- RECORD SET
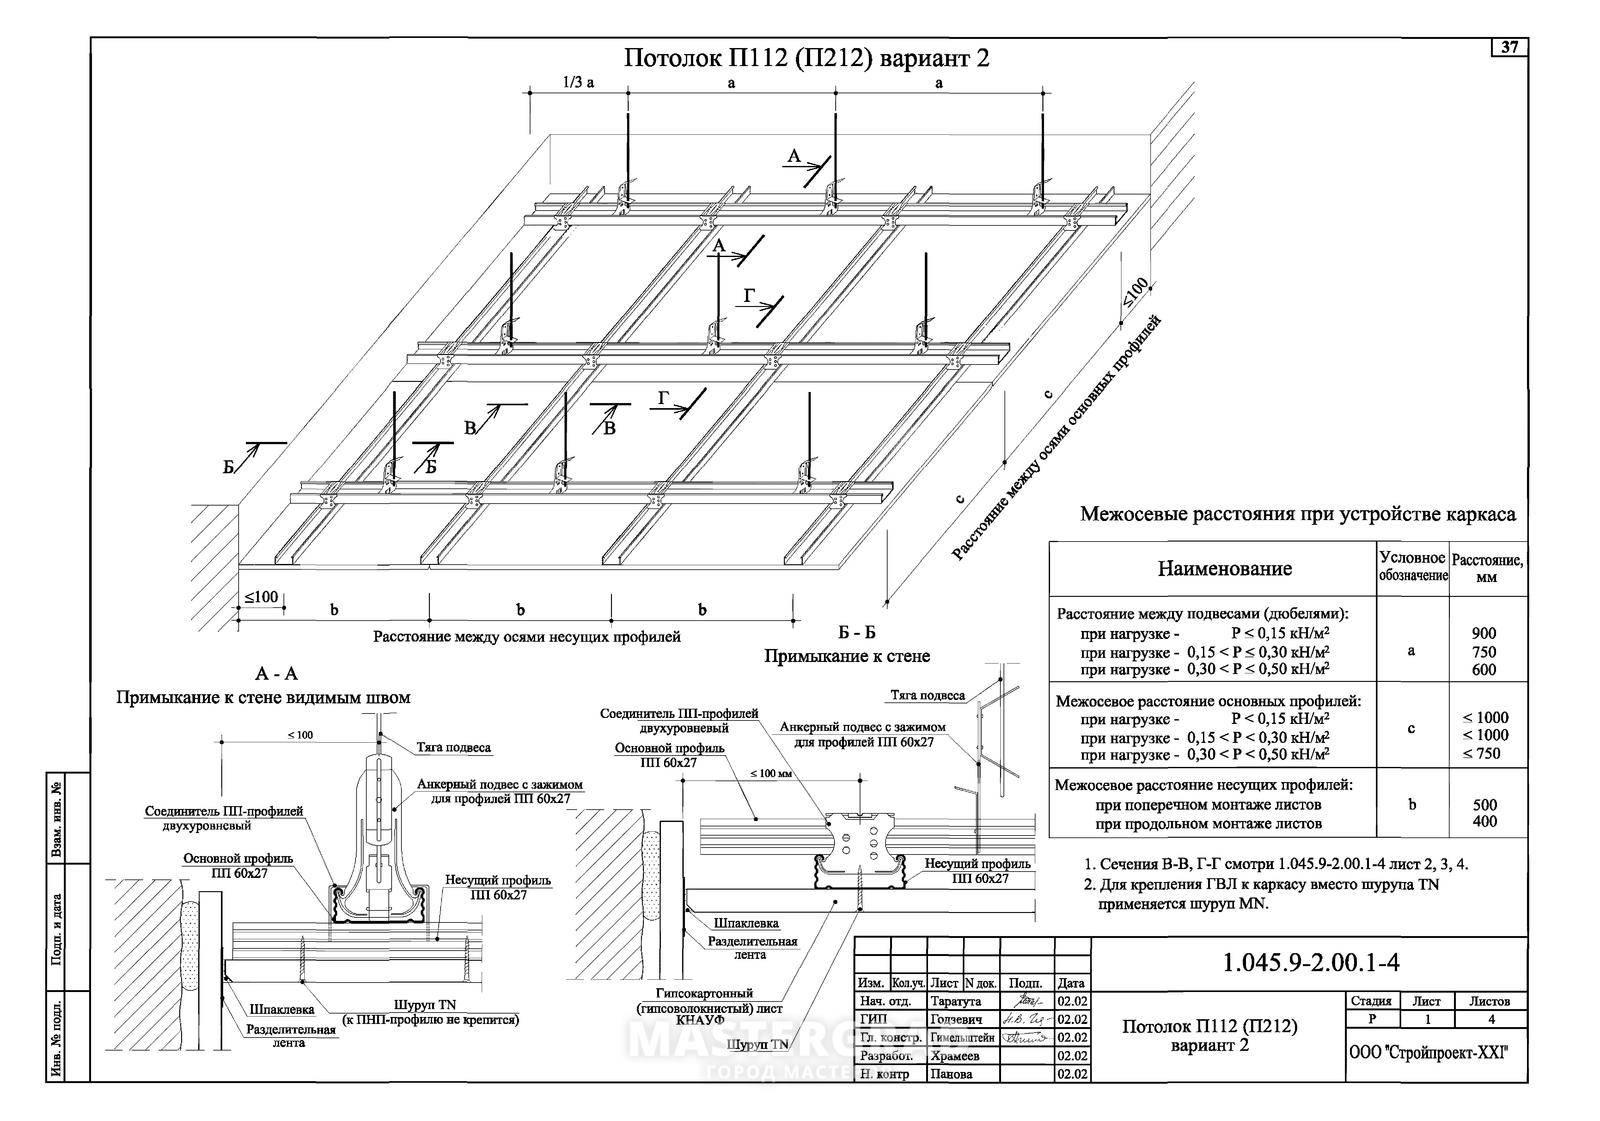 Каркас для гипсокартона на потолок: монтаж каркаса потолка из профиля под гипсокартон, как сделать правильный каркас из металлопрофиля, установка
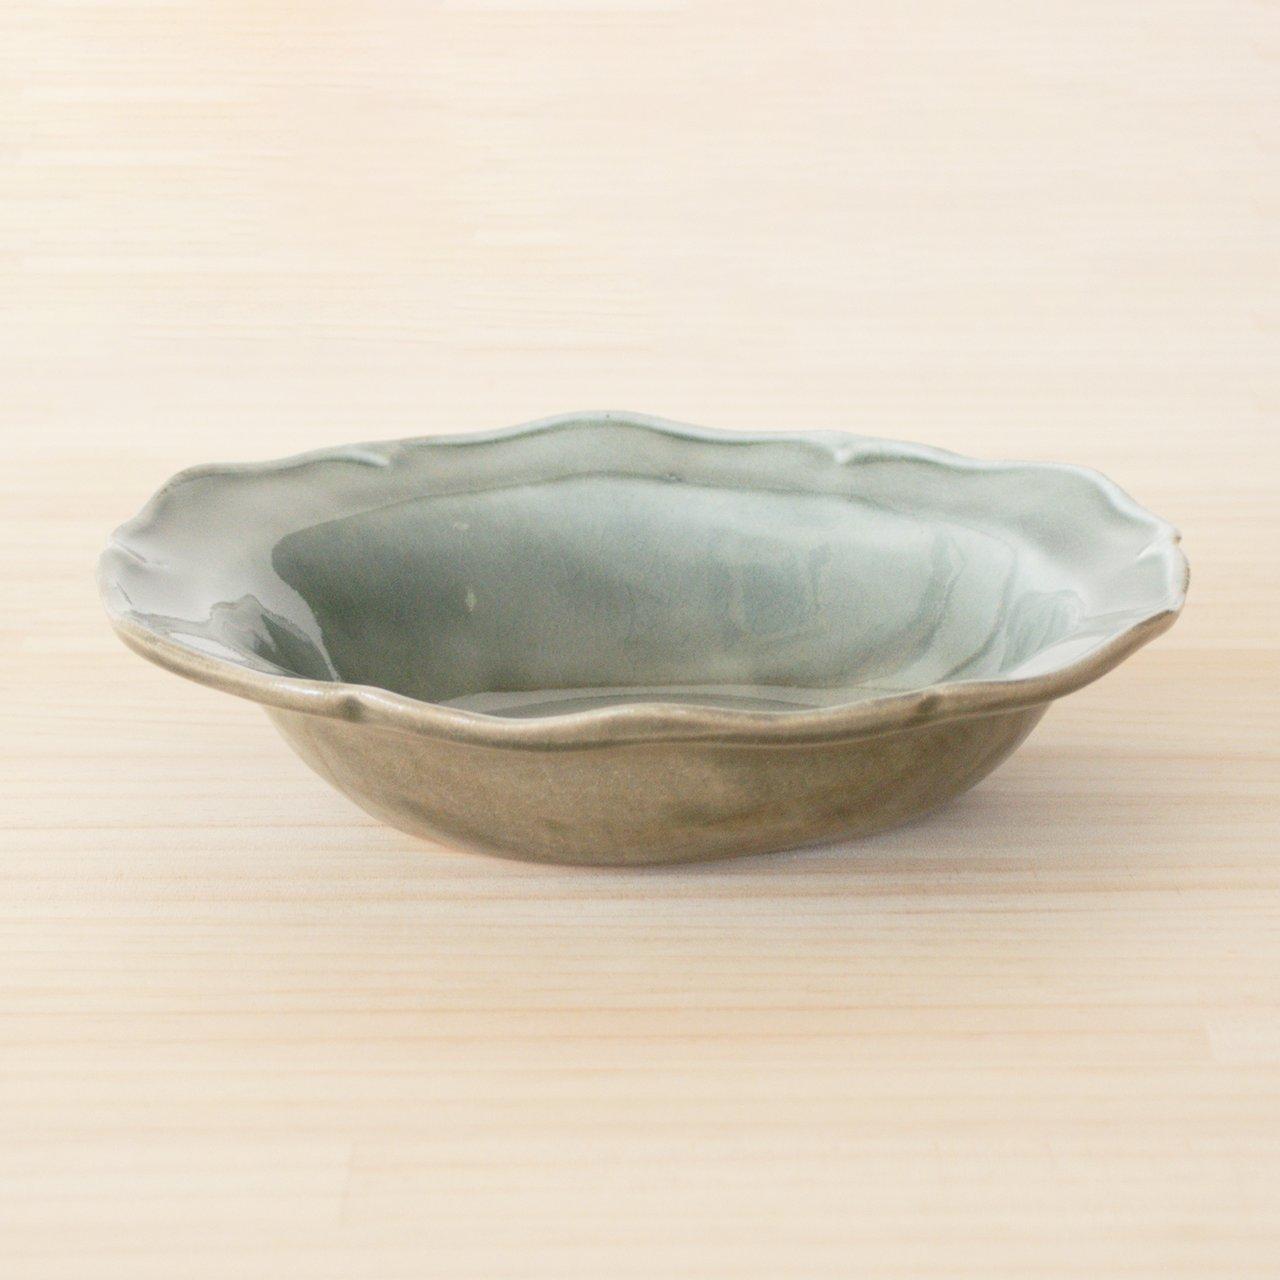 益子焼 わかさま陶芸 フリル鉢 ボウル 皿 丸 小 約20cm グレー釉 256258
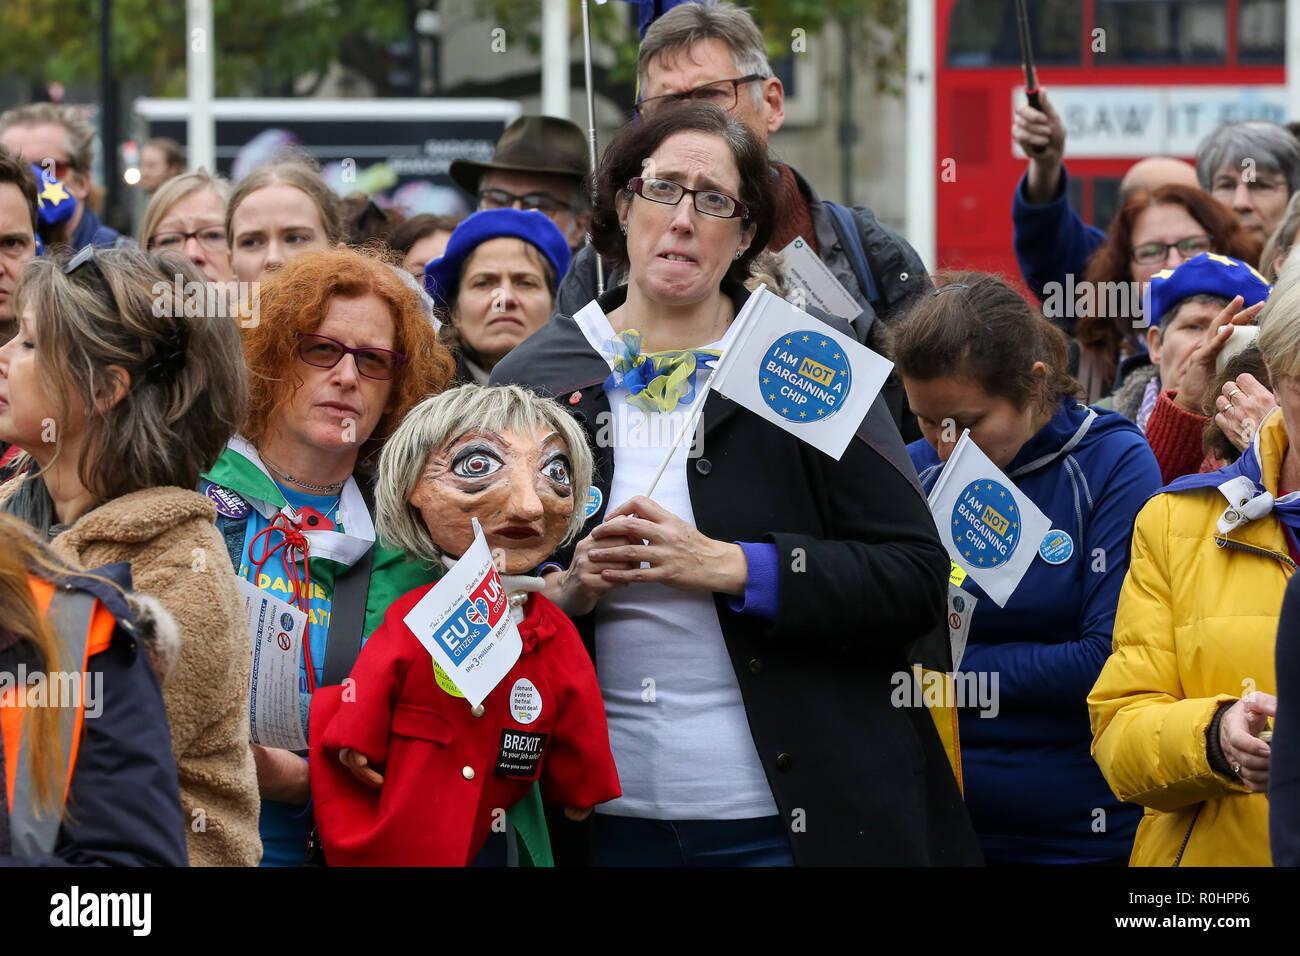 Londres, Royaume-Uni. 5Th Nov, 2018. Les protestataires sont vu la tenue des pancartes pendant la manifestation.pro-UE partisans ont protesté à la place du Parlement alors qu'il faisait campagne pour les citoyens de l'homme. Credit: Dinendra Haria SOPA/Images/ZUMA/Alamy Fil Live News Banque D'Images
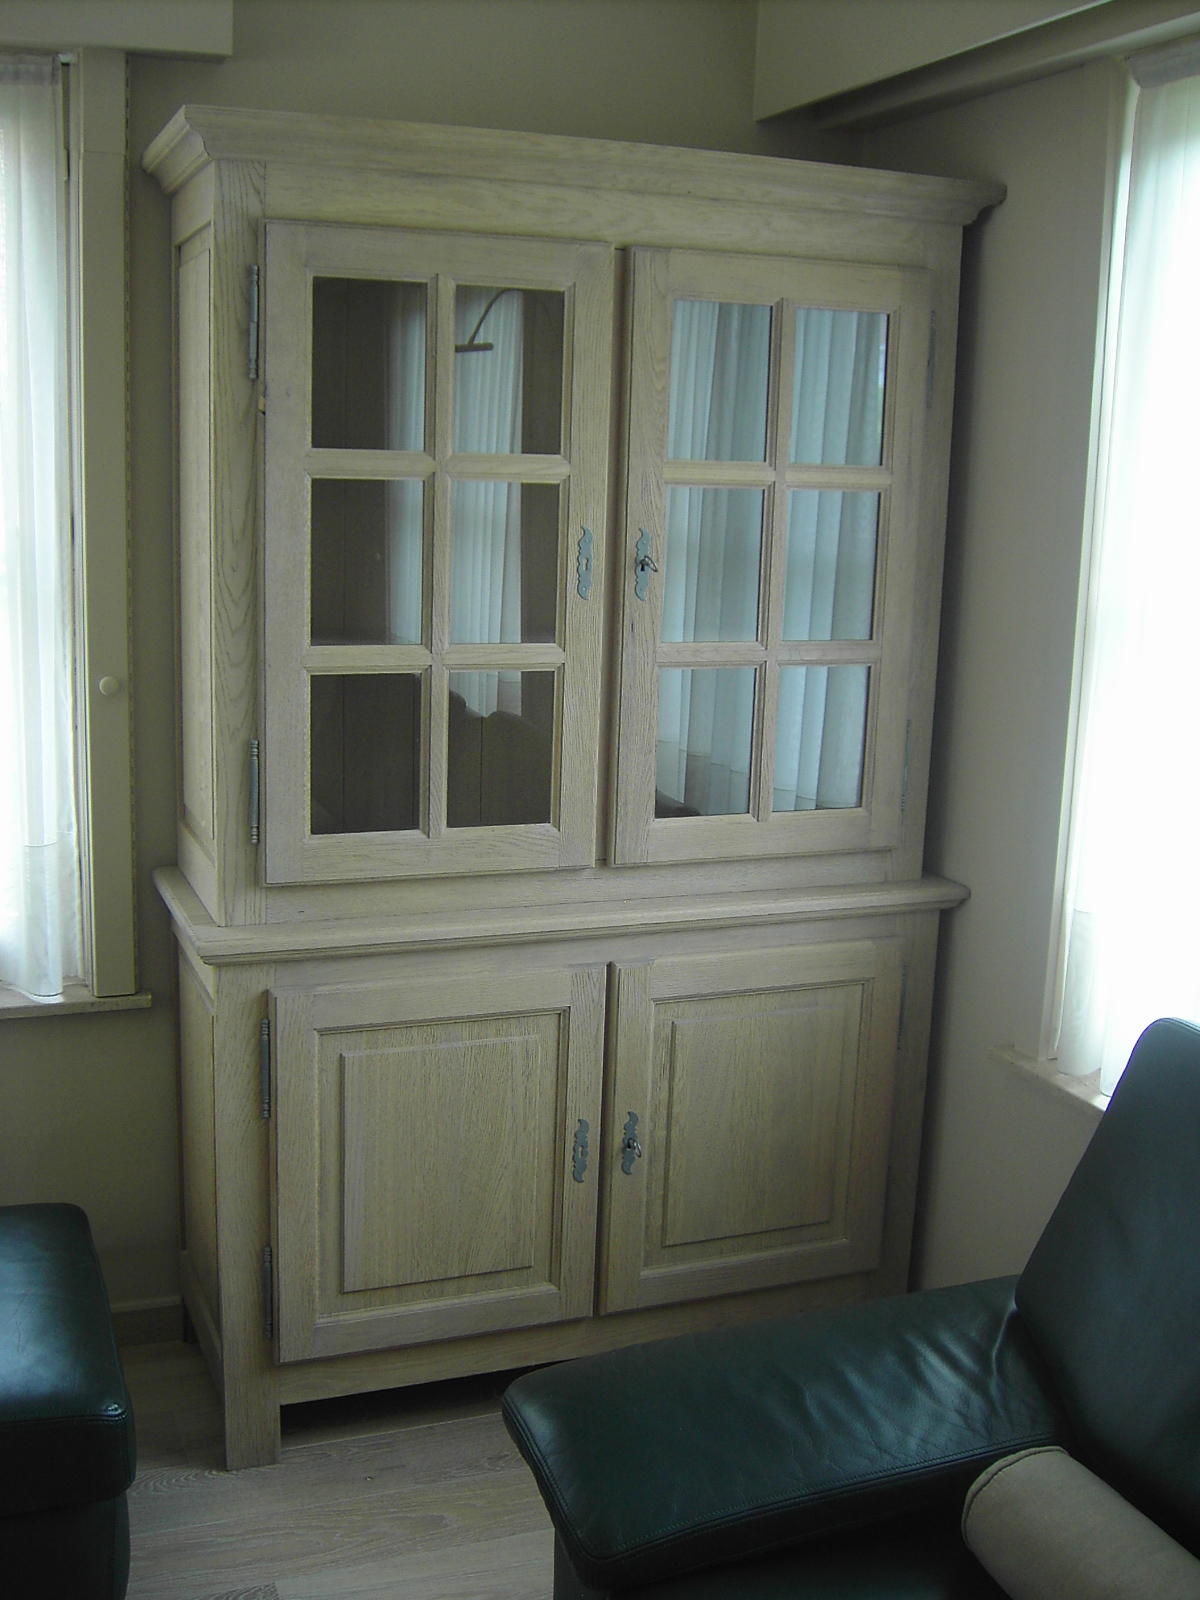 #36505B22349276 Meubelrenovatie: Renovatie Eiken Meubelen (dressoir Tafel Vitrine  Van de bovenste plank Design Meubelen West Vlaanderen 1953 beeld 120016001953 Inspiratie
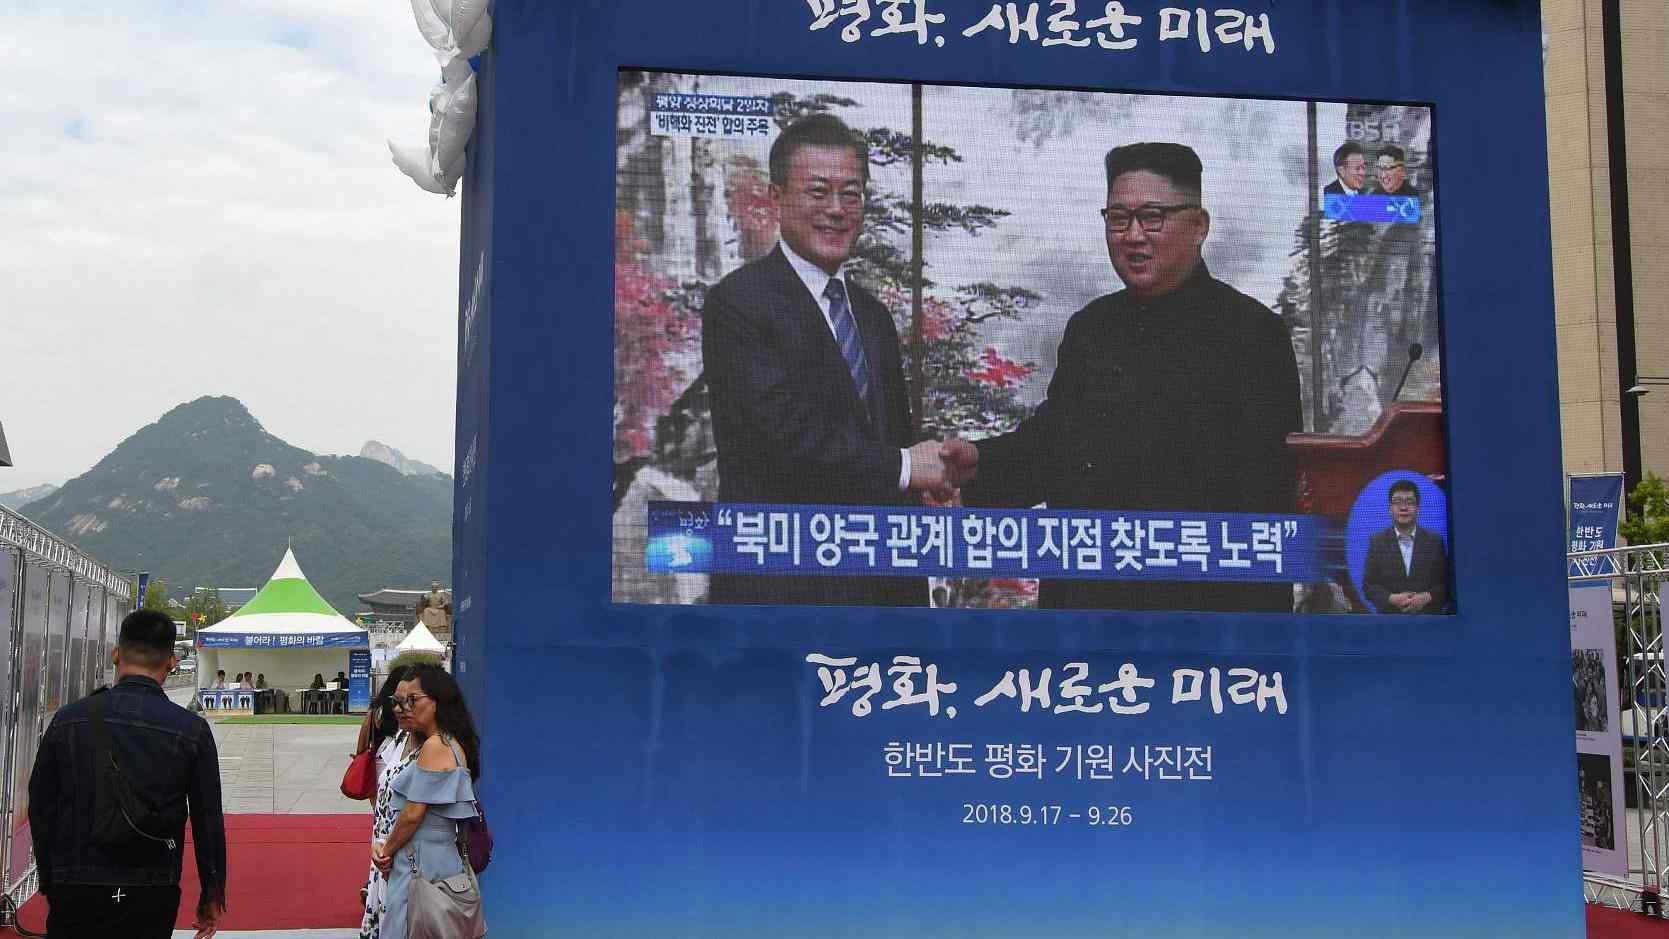 Denuclearization of Korean Peninsula means the de facto end of Korean War: Blue House

- WHAT THIS TASK INVOLVES
Write out the whole listing above exactly, minus images.

- RESPONSE TO THE TASK
 Каркас для гипсокартона на потолок: монтаж каркаса потолка из профиля под гипсокартон, как сделать правильный каркас из металлопрофиля, установка
 益子焼 わかさま陶芸 フリル鉢 ボウル 皿 丸 小 約20cm グレー釉 256258
 Londres, Royaume-Uni. 5Th Nov, 2018. Les protestataires sont vu la tenue des pancartes pendant la manifestation.pro-UE partisans ont protesté à la place du Parlement alors qu'il faisait campagne pour les citoyens de l'homme. Credit: Dinendra Haria SOPA/Images/ZUMA/Alamy Fil Live News Banque D'Images
 #36505B22349276 Meubelrenovatie: Renovatie Eiken Meubelen (dressoir Tafel Vitrine  Van de bovenste plank Design Meubelen West Vlaanderen 1953 beeld 120016001953 Inspiratie
 Denuclearization of Korean Peninsula means the de facto end of Korean War: Blue House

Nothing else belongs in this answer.